A table of classical diacritical character mapping can be found here
https://docs.oracle.com/cd/E29584_01/webhelp/mdex_basicDev/src/rbdv_chars_mapping.html

Nested replace() is quite hard to manage if we have files with many different languages
We may need to replace one character with several, i.e. œuf => oeuf

Regards

At this point I can only think of splitting all the words using the “Split fixed width text” transformation into 15-20 (to accommodate for the longest word) single-character columns, then Lookup with a lookup table for every column (ugly, I know), then concatenate everything back.

Note taken on a special-purpose transformation for this.

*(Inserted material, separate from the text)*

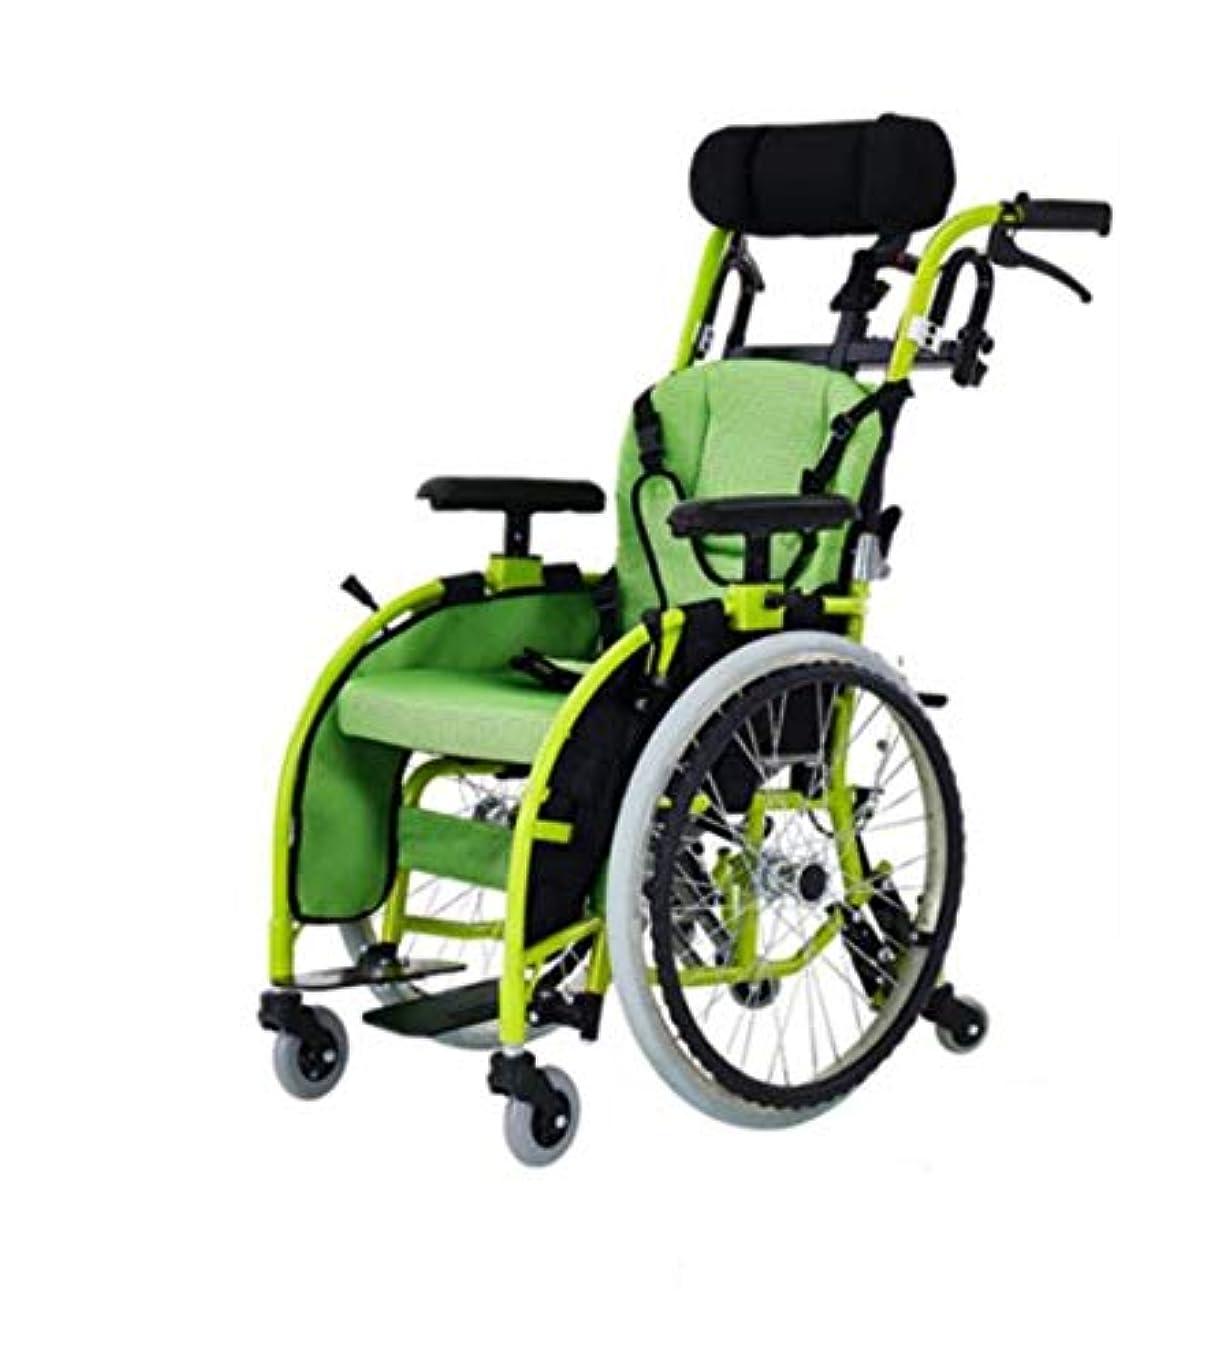 煙突として埋め込む子供用車椅子折りたたみライト小さなポータブルハンディキャップトロリー子供アルミ合金手動車椅子

With maybe the mapping sets stored in a repository like the connectors
Mapping 1: scandinavian
Mapping 2: Eastern europ
Mapping 3:…
This way all the projects would have the same mapping.
I didn’t see this feature in any data wrangling tool but it’s a must have in sentiment/survey analysis.

Regards

Now available in the 4.7 version.
A rare feature that makes the difference with competitors.

Thank you

Thank you, Christophe. Does the “Replace with lookup” action work as expected?

As usual, perfect…

Just cleaned an name list of 42000 employees in a few seconds.
attached a useful list for diacritic mapping
diacritic.dset (7.5 KB)

2 Likes

Very nice and useful dataset !
@dgudkov : I noticed that some programming languages have some sort of function that makes the “diacritic” characters into a normal one. Maybe that could be added in EasyMorph as well ?

Here is a project to inject the dataset into the shared memory repository and to get the list back.

Regards

diacritic shared mem.morph (9.3 KB)

1 Like

good idea, but we need to upgrade first to that version :).